Pictures aside, quote the whole listing exactly.

▸ Dataset section:
▶
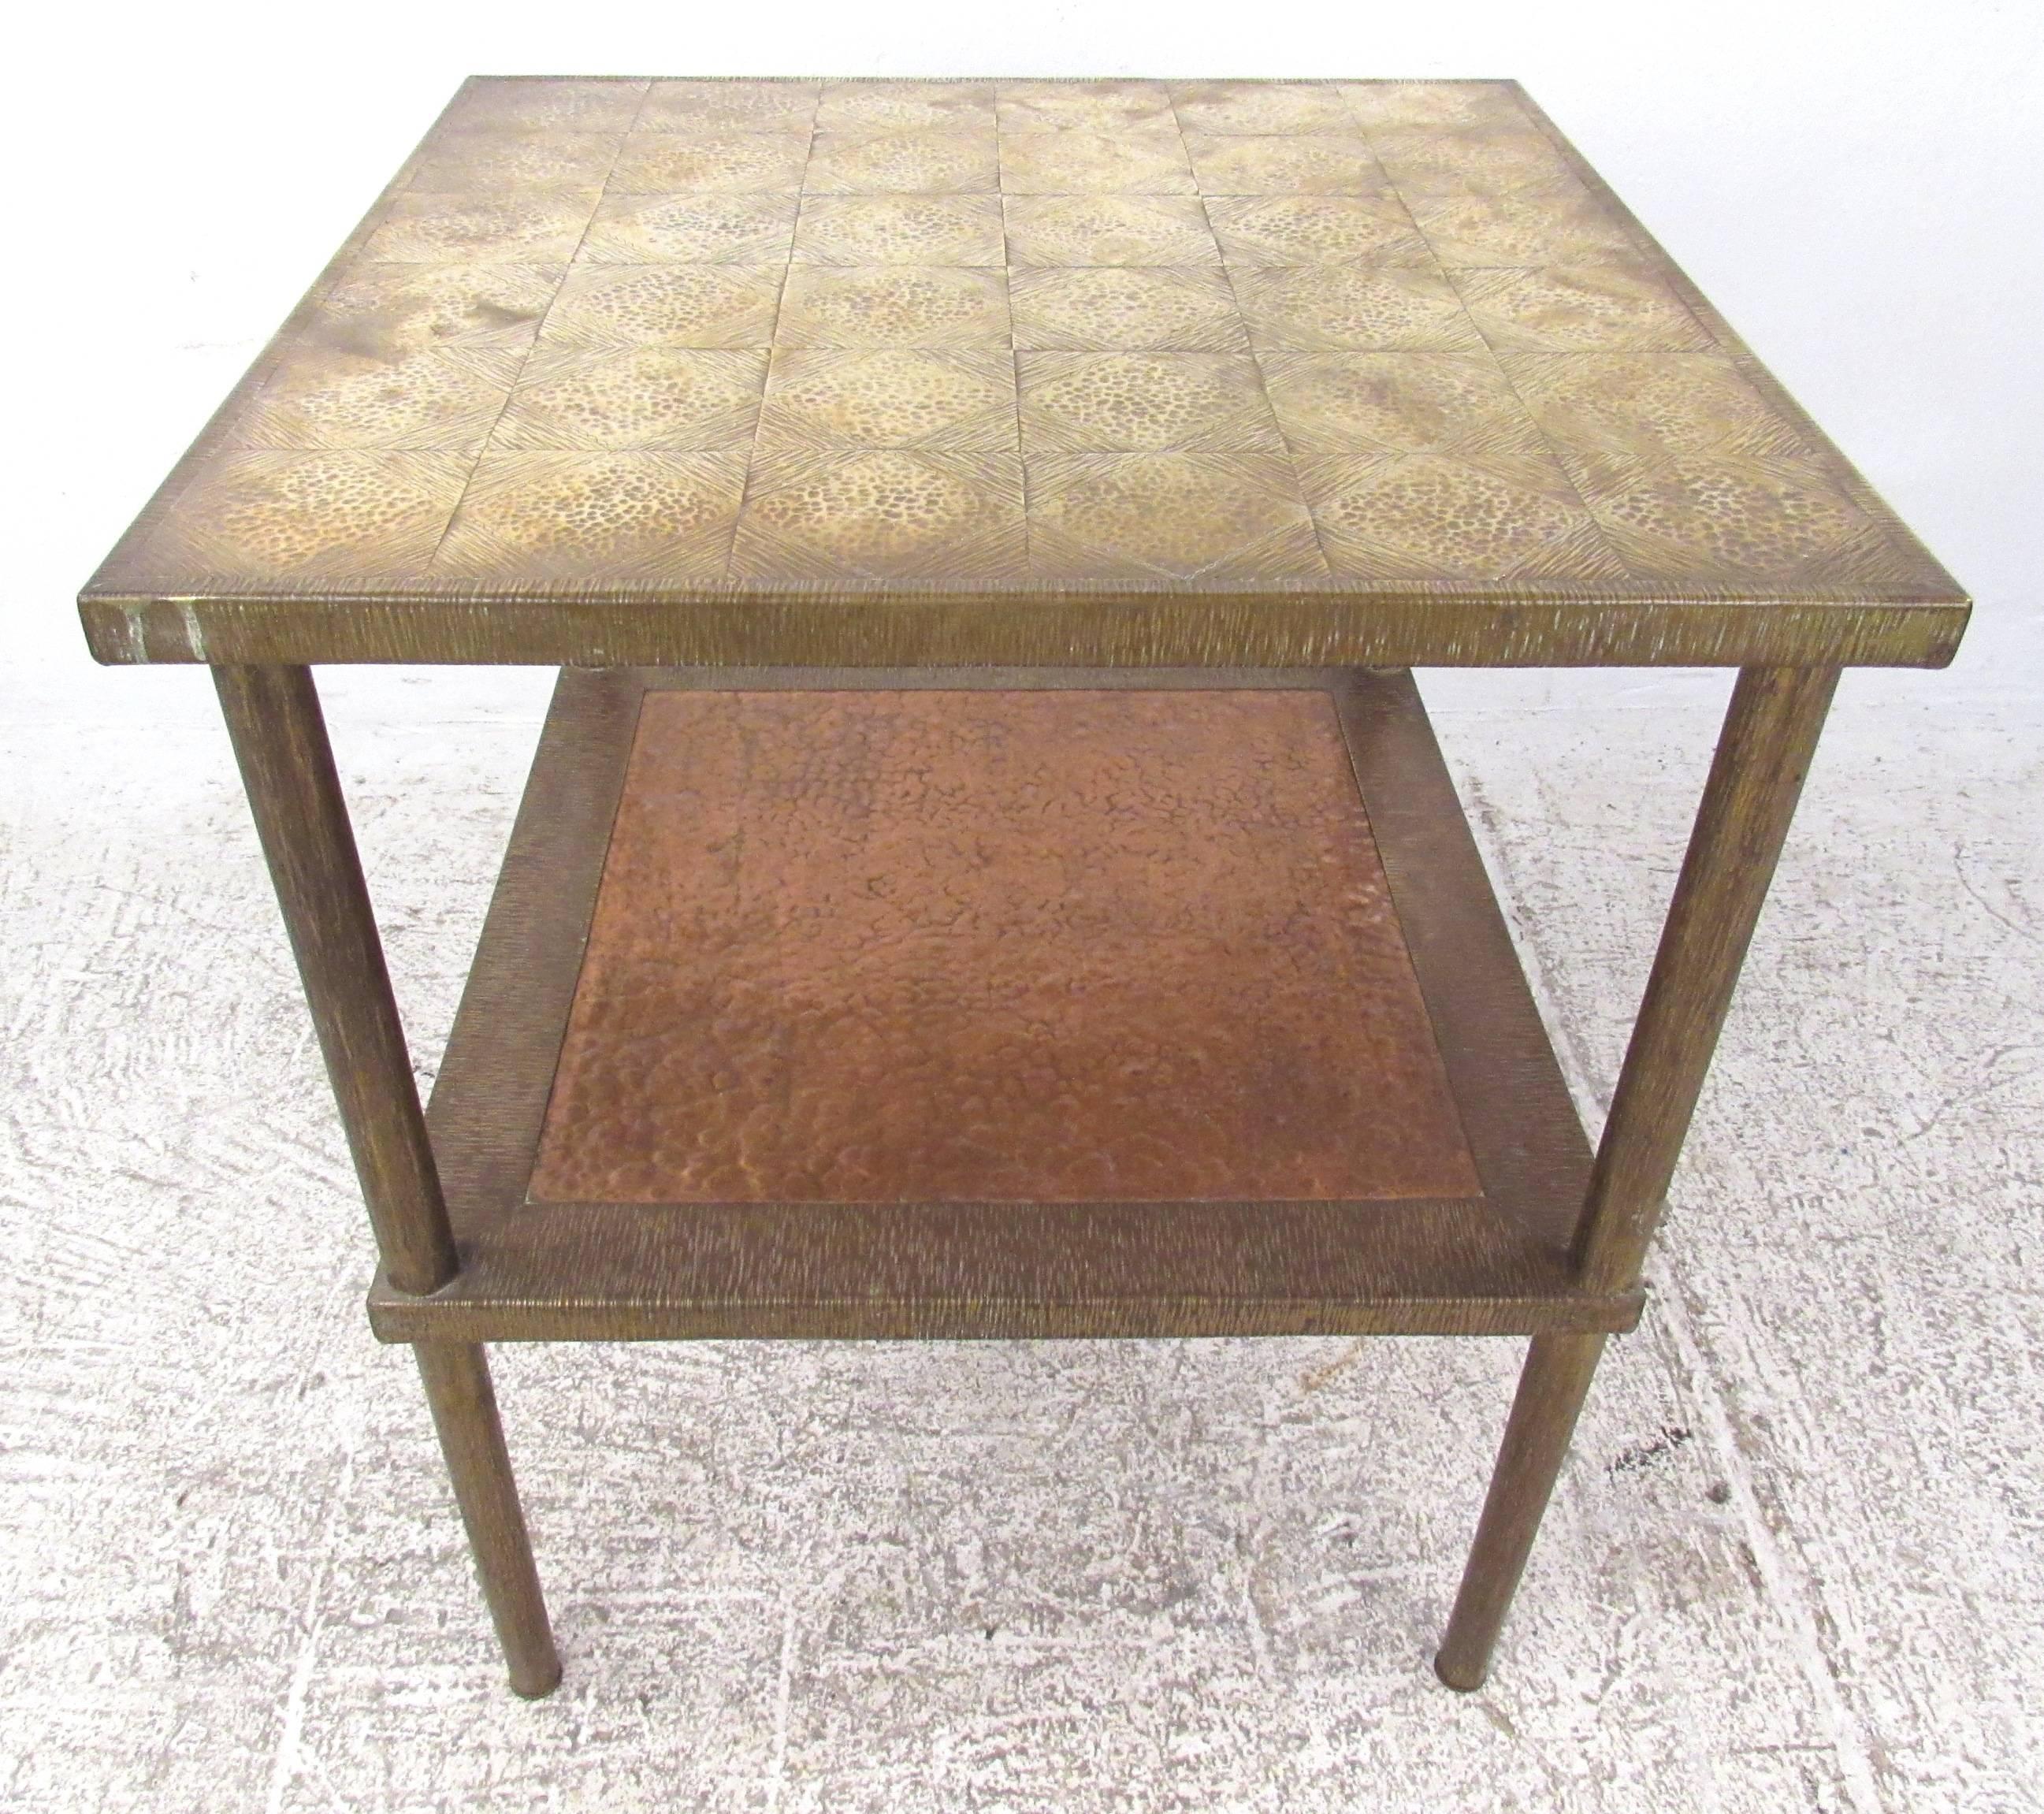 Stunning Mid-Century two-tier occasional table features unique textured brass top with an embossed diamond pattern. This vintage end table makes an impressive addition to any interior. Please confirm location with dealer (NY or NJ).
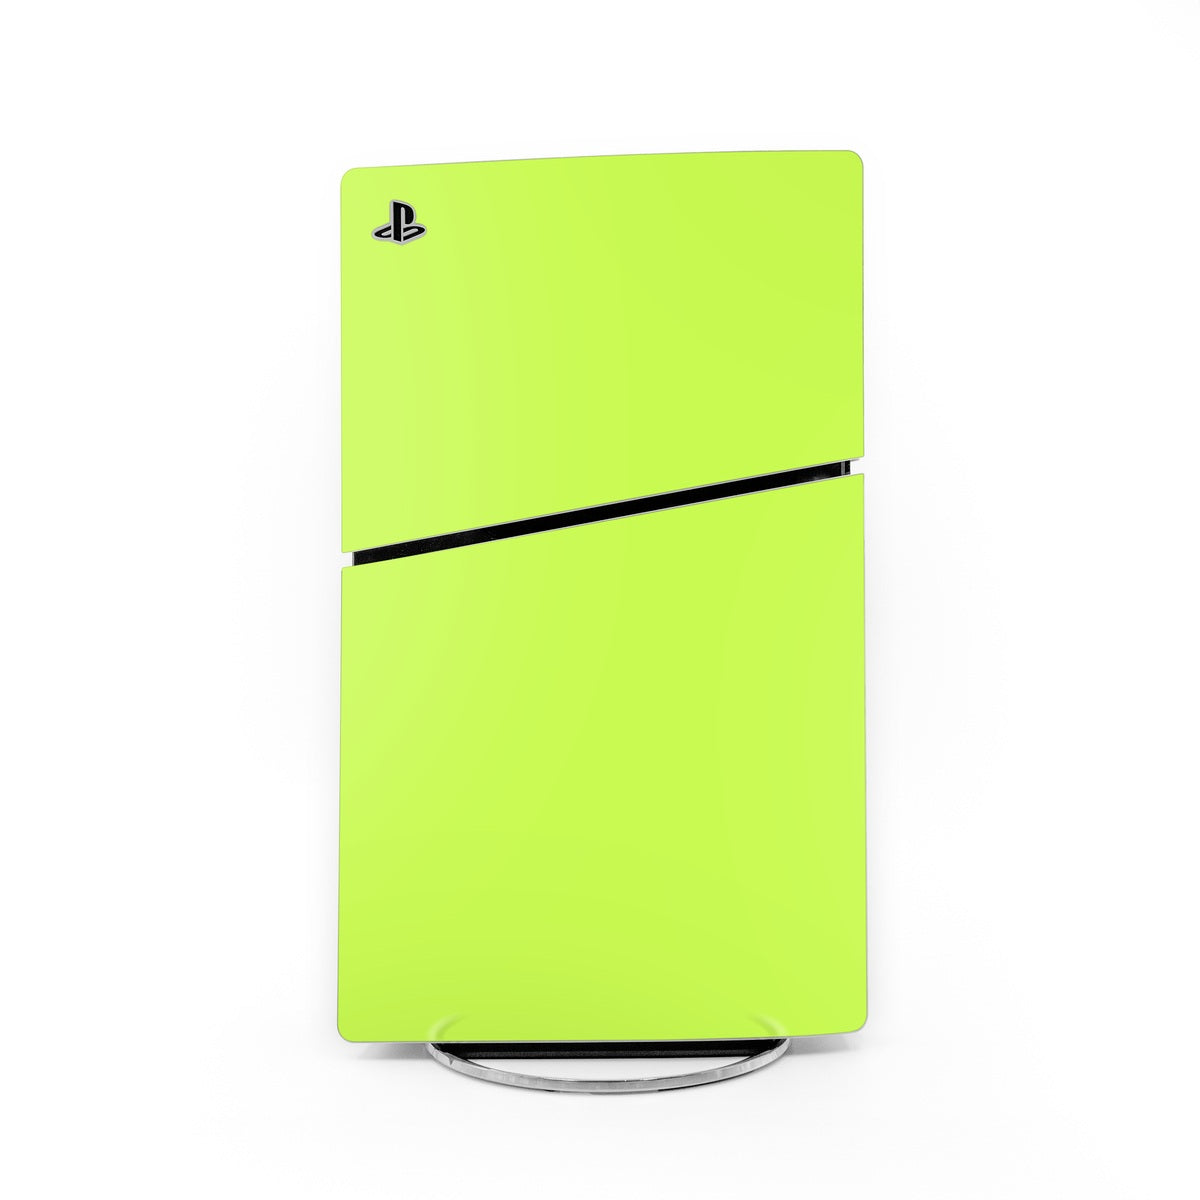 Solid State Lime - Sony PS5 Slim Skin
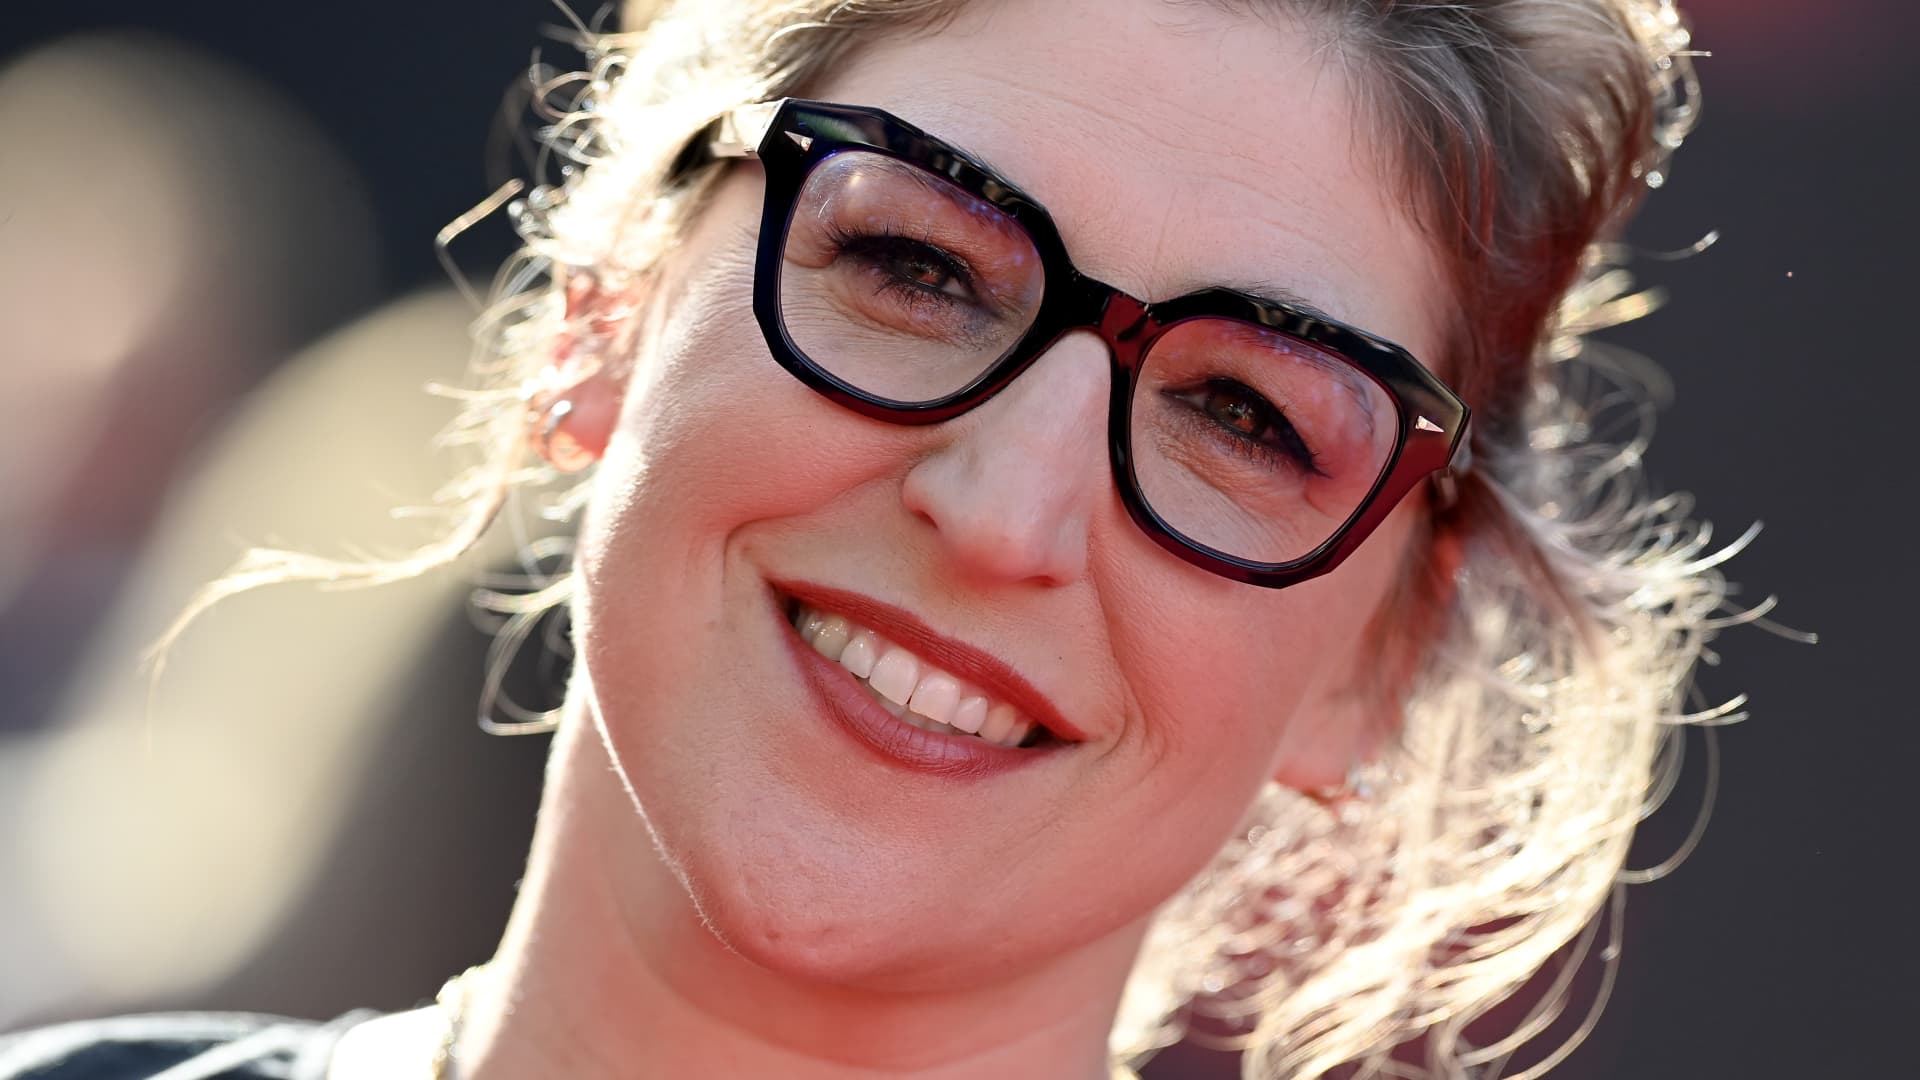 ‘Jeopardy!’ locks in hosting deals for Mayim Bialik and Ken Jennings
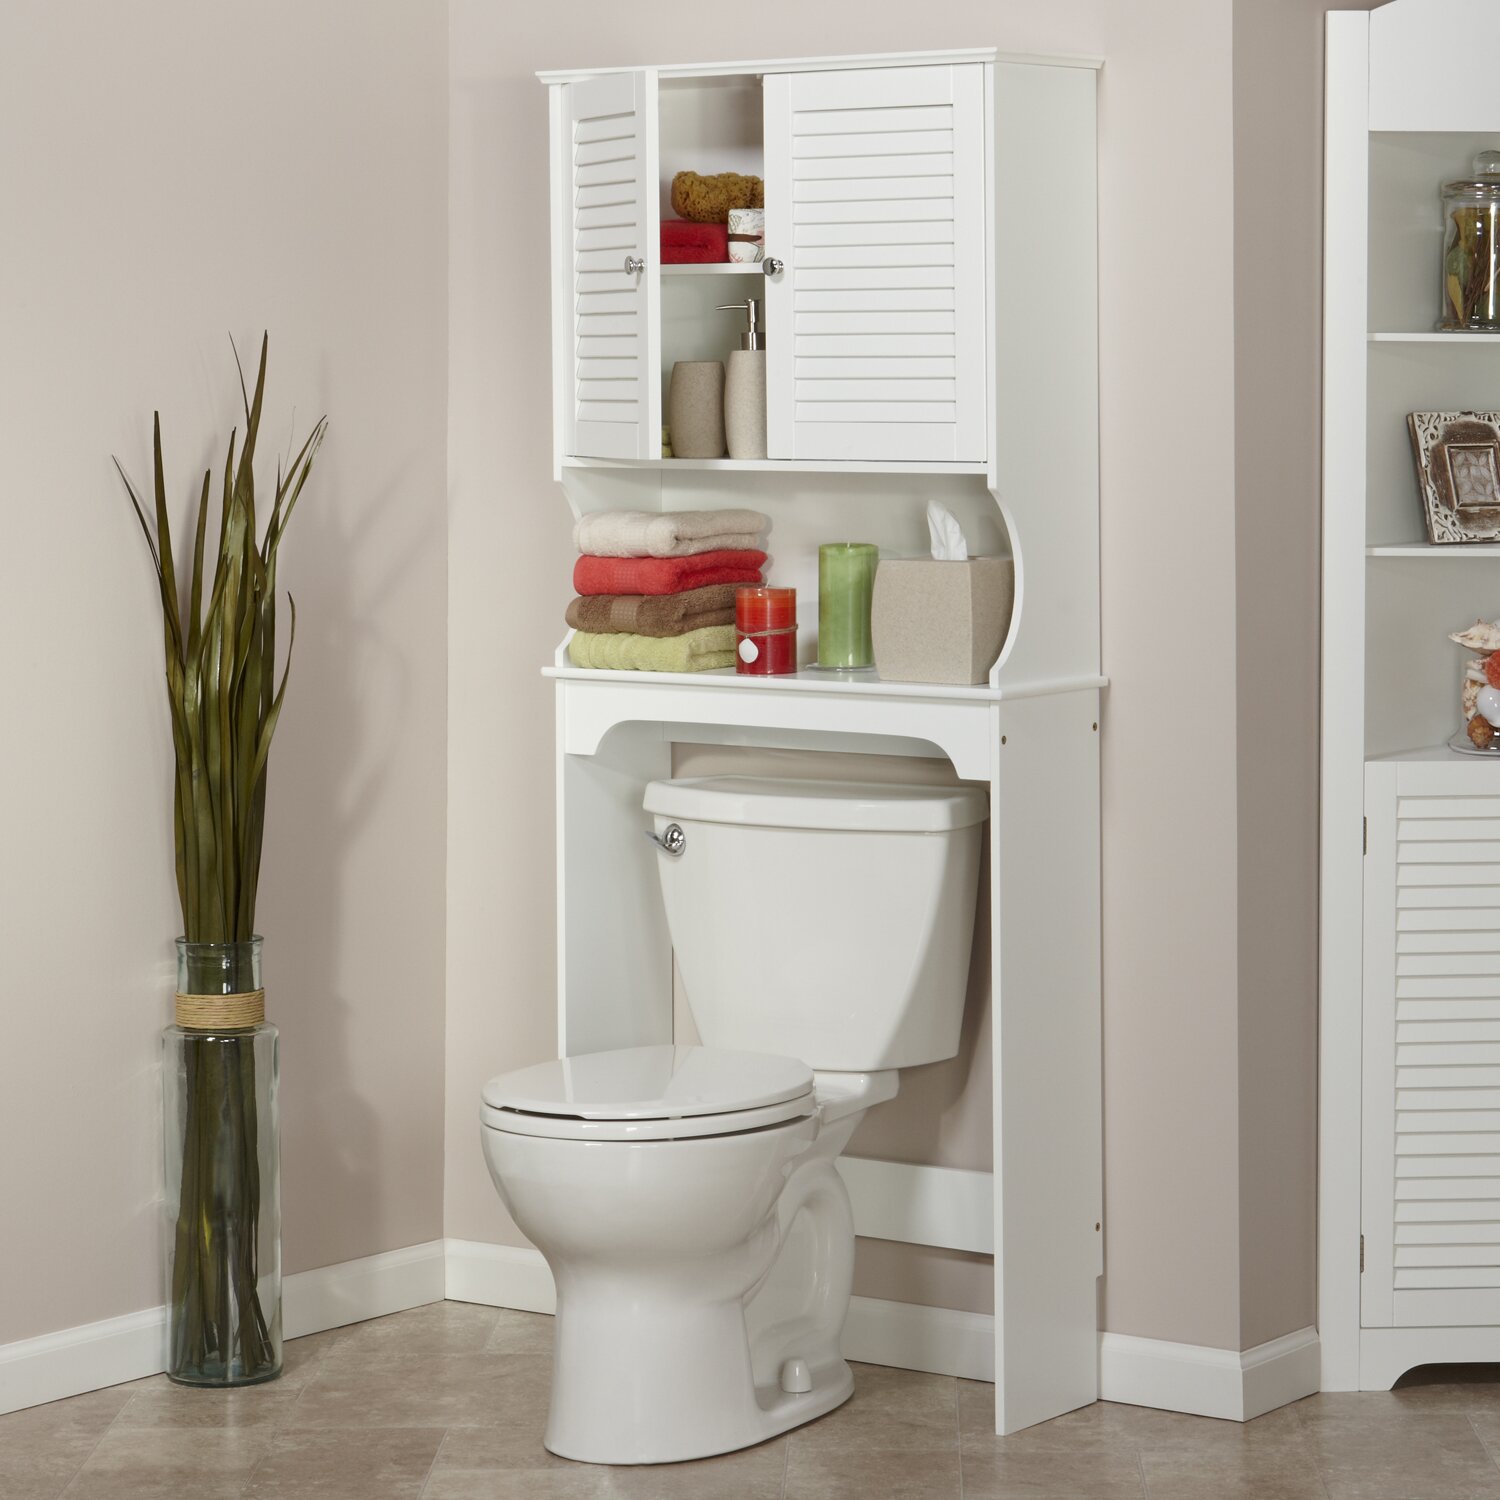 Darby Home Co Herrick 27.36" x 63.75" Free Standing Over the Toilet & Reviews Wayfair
◀
▸ Solution:
 Stunning Mid-Century two-tier occasional table features unique textured brass top with an embossed diamond pattern. This vintage end table makes an impressive addition to any interior. Please confirm location with dealer (NY or NJ).
 Solid State Lime - Sony PS5 Slim Skin
 ‘Jeopardy!’ locks in hosting deals for Mayim Bialik and Ken Jennings
 Darby Home Co Herrick 27.36" x 63.75" Free Standing Over the Toilet & Reviews Wayfair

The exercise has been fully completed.